🤖 AI Summary
Current multimodal fusion evaluation is hindered by small-scale, narrow-domain, task-specific, and inconsistently standardized benchmarks, leading to poor model generalizability and incomparable results. To address this, we propose MMBench—the first large-scale, domain-adaptive multimodal fusion benchmark—integrating over 30 datasets, 15 modalities, and 20 predictive tasks across critical domains including healthcare, remote sensing, and industrial inspection. We design a unified cross-domain evaluation framework and an open-source automated pipeline supporting early-, late-, and hybrid-fusion paradigms. Our framework incorporates standardized preprocessing, cross-modal alignment, and domain-adaptation mechanisms. Extensive experiments establish multiple new state-of-the-art baselines, significantly improving model generalizability and reproducibility.
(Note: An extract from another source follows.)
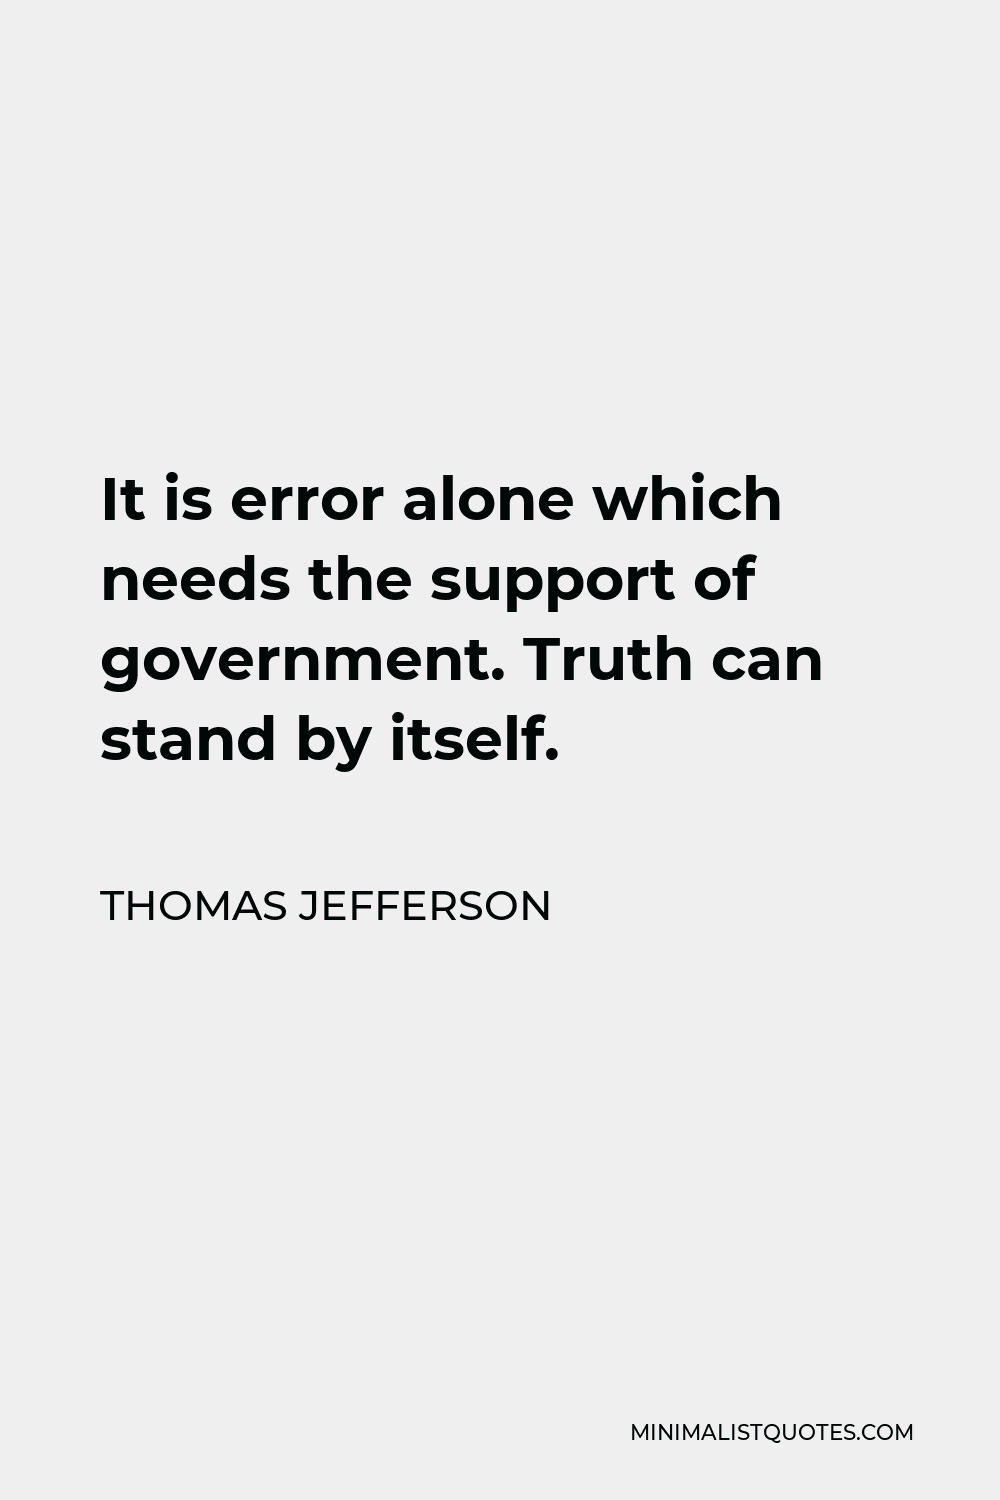 Thomas Jefferson Quote - It is error alone which needs the support of government. Truth can stand by itself.

MMBench provides a rigorous, open, and extensible evaluation infrastructure for advancing multimodal fusion research.
📝 Abstract
Although multimodal fusion has made significant progress, its advancement is severely hindered by the lack of adequate evaluation benchmarks. Current fusion methods are typically evaluated on a small selection of public datasets, a limited scope that inadequately represents the complexity and diversity of real-world scenarios, potentially leading to biased evaluations. This issue presents a twofold challenge. On one hand, models may overfit to the biases of specific datasets, hindering their generalization to broader practical applications. On the other hand, the absence of a unified evaluation standard makes fair and objective comparisons between different fusion methods difficult. Consequently, a truly universal and high-performance fusion model has yet to emerge. To address these challenges, we have developed a large-scale, domain-adaptive benchmark for multimodal evaluation. This benchmark integrates over 30 datasets, encompassing 15 modalities and 20 predictive tasks across key application domains. To complement this, we have also developed an open-source, unified, and automated evaluation pipeline that includes standardized implementations of state-of-the-art models and diverse fusion paradigms. Leveraging this platform, we have conducted large-scale experiments, successfully establishing new performance baselines across multiple tasks. This work provides the academic community with a crucial platform for rigorous and reproducible assessment of multimodal models, aiming to propel the field of multimodal artificial intelligence to new heights.